The Falls of Clyde are a collection of four waterfalls along the river Clyde, near the villages of New Lanark and Stonebyres. Only the three falls near New Lanark (Bonnington Linn, Corra Linn and Dundaff Linn) are included in the Falls of Clyde site of special scientific interest; the other, Stonebyres Linn, is about 2 miles (3 km) further downstream.

Scottish Wildlife Trust, a charitable organisation, manages the Falls of Clyde site, focusing on the preservation of the endangered or protected wildlife in the grounds, such as peregrine falcons, roe deer and European badgers. Much interesting, protected and rare plant life can be found on the site, such as fields of heather, rowan, and bluebells; the slopes of the natural amphitheatre beneath Corra Linn are home to a rare tundra plant life which has survived since the last ice age. There is also a great variety of native woodland on the site. Much of Scotland's native woodland has been destroyed or replaced with exotic trees by human activity.

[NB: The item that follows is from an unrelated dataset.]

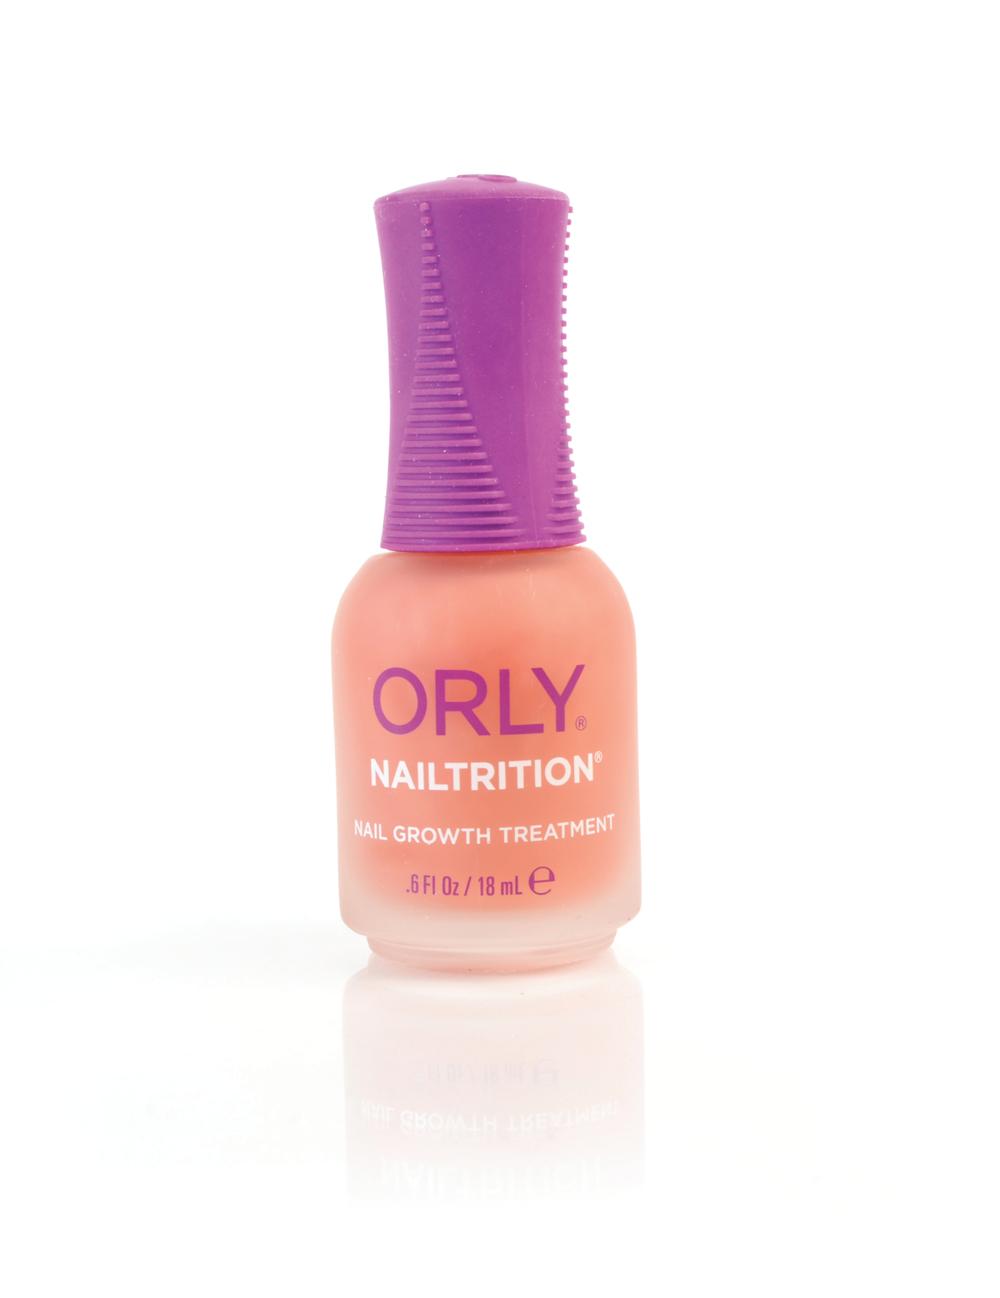 "<p>Orly Nailtrition Nail Growth Treatment<br /><a href=""http://www.orlybeauty.com"">www.orlybeauty.com</a></p>"

Within the Falls of Clyde site there is an abundance of architecture, including Bonnington Pavilion, an 18th-century house of mirrors, an iron footbridge, and the 15th-century Corra Castle, all of which are in ruins.

===Hamilton High Parks===
Hamilton High Parks forms part of the Chatelherault estate, which is managed by South Lanarkshire Council. Part of the site is classified as a SSSI, although the NNR extends further to include most of the land along the Avon Water and Meikle Glen within the estate. The main tree species at Hamilton High Parks are ash and elm, with areas of oak, birch and alder also present. The parkland oaks known as the Cadzow oaks are home to a number of rare types of beetle, including the hairy fungus beetle, which is not thought to be found anywhere else in Scotland.

===Mauldslie Woods===
Mauldslie Woods lies west of Carluke, and is the only part of the NNR to have no other official designation. It is north of the Clyde, and has shallower slopes than the other sites in the Reserve. As a result, by the 1800s the woodland here had been cleared and replanted, including one section which was planted as orchard for apples, pears and plums. Since 2007 Mauldslie Woods has formed part of the NNR, and is now being actively managed to restore the native woodland. The aim is to use the site to demonstrate methods of woodland management that promote biodiversity alongside sustainable timber extraction.

===Nethan Gorge===

The Nethan Gorge portion of the NNR consists of two sites on the River Nethan that are managed by the Scottish Wildlife Trust. A path links the two reserves, following a route past Craignethan Castle.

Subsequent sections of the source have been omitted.